For many, the commute to and from work is a lengthy, stressful process. According to the U.S. Census Bureau, it takes the average American about 26½ minutes to get to work. That’s nearly an hour each day — to work and back — to face traffic snarls and congested highways. That commute can also be hazardous to your health, exposing drivers to an increased amount of air pollutants that have been linked to a whole host of medical maladies, including cardiovascular disease, respiratory issues and even lung cancer.
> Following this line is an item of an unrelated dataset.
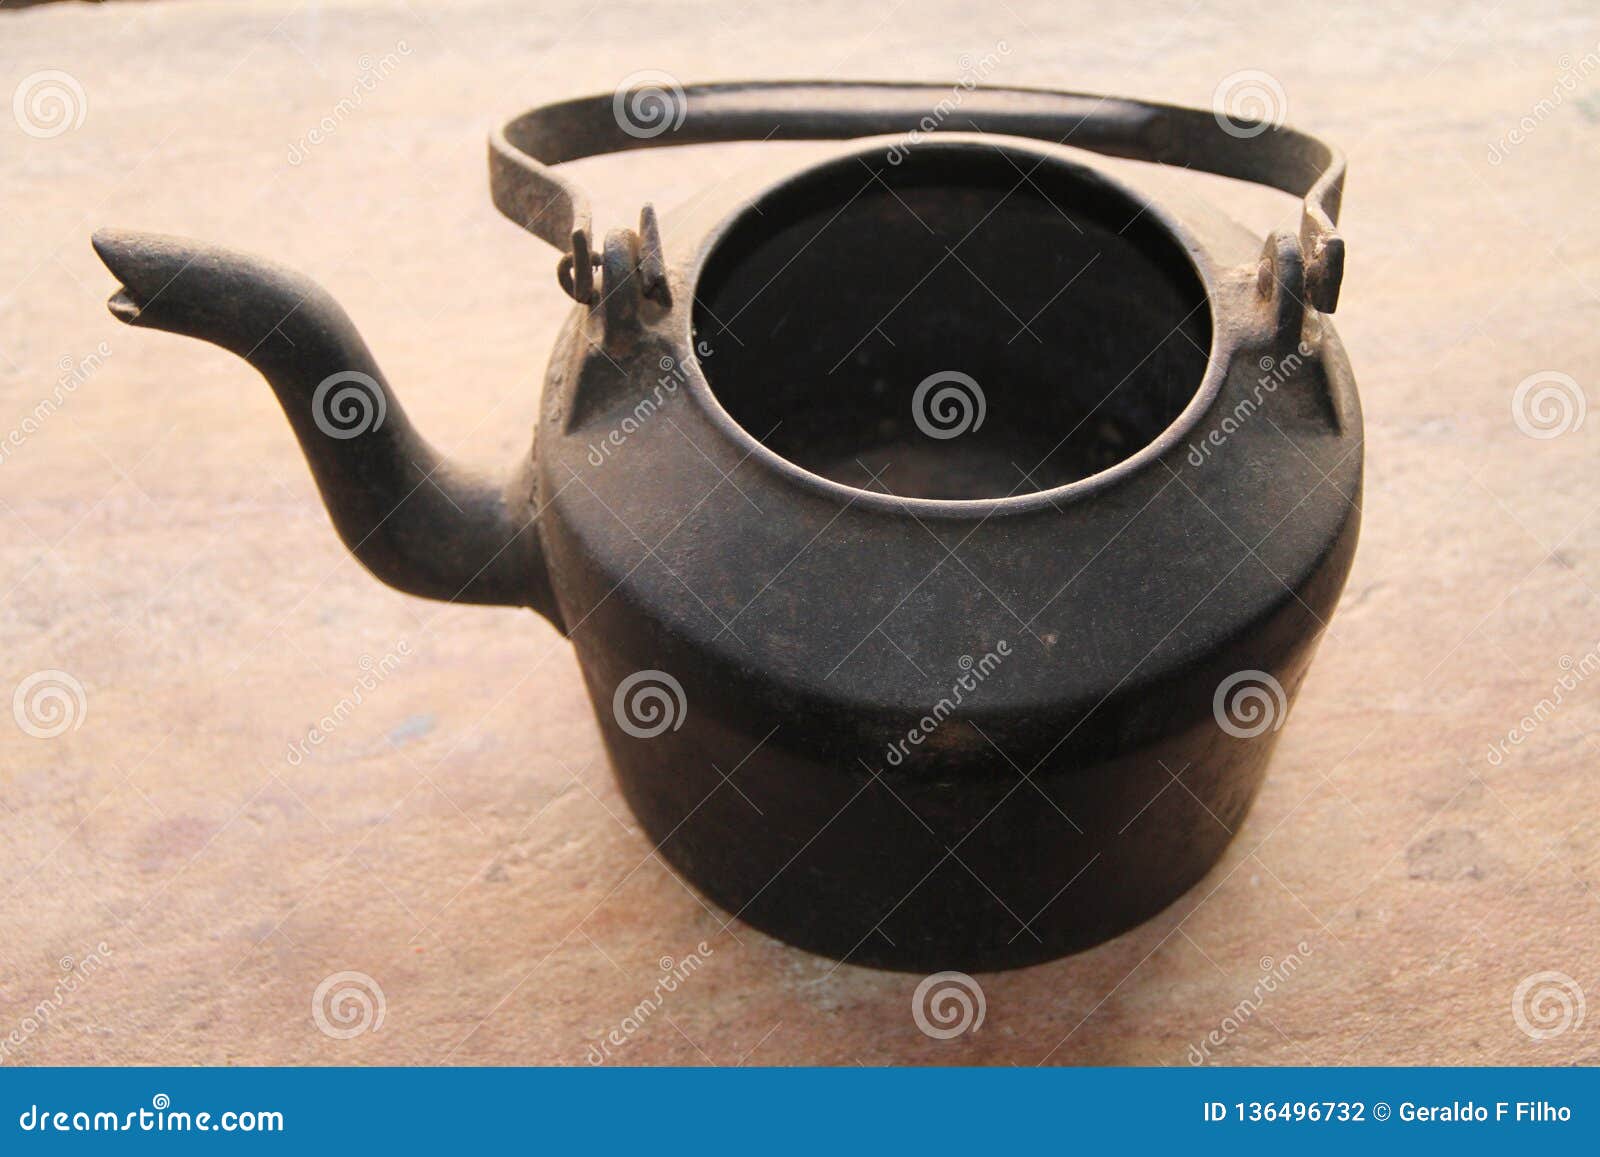 iron kettle utensil old center sao tome das letras minas gerais brazil

After conducting a new research approach using actual commutes, a group of engineers at Washington University in St. Louis discovered a simple shift in driving habits can help to reduce those risks while out on the road.
“We know that traffic generates a lot of pollution, and therefore it’s the time when you’re traveling in traffic that you can have a disproportionately high amount of your daily exposure to many harmful pollutants,” said Anna Leavey, a research scientist at the School of Engineering and Applied Science. “What we wanted to see was: When and where are our highest exposures occurring, and how should one be driving to mitigate the risk?”
Leavey and Nathan Reed, a PhD candidate, worked together with PhD candidate Sameer Patel and Pratim Biswas, the Lucy and Stanley Lopata Professor and chair of the SEAS department of Energy, Environmental and Chemical Engineering. With assistance from Biswas’s Aerosol and Air Quality Research Lab, they used portable instruments and sensors to monitor and simultaneously measure the pollutant levels of their car’s indoor cabin air and the air directly outside of the car during their own daily commutes. That gave them rare, real-world look at pollutant exposure.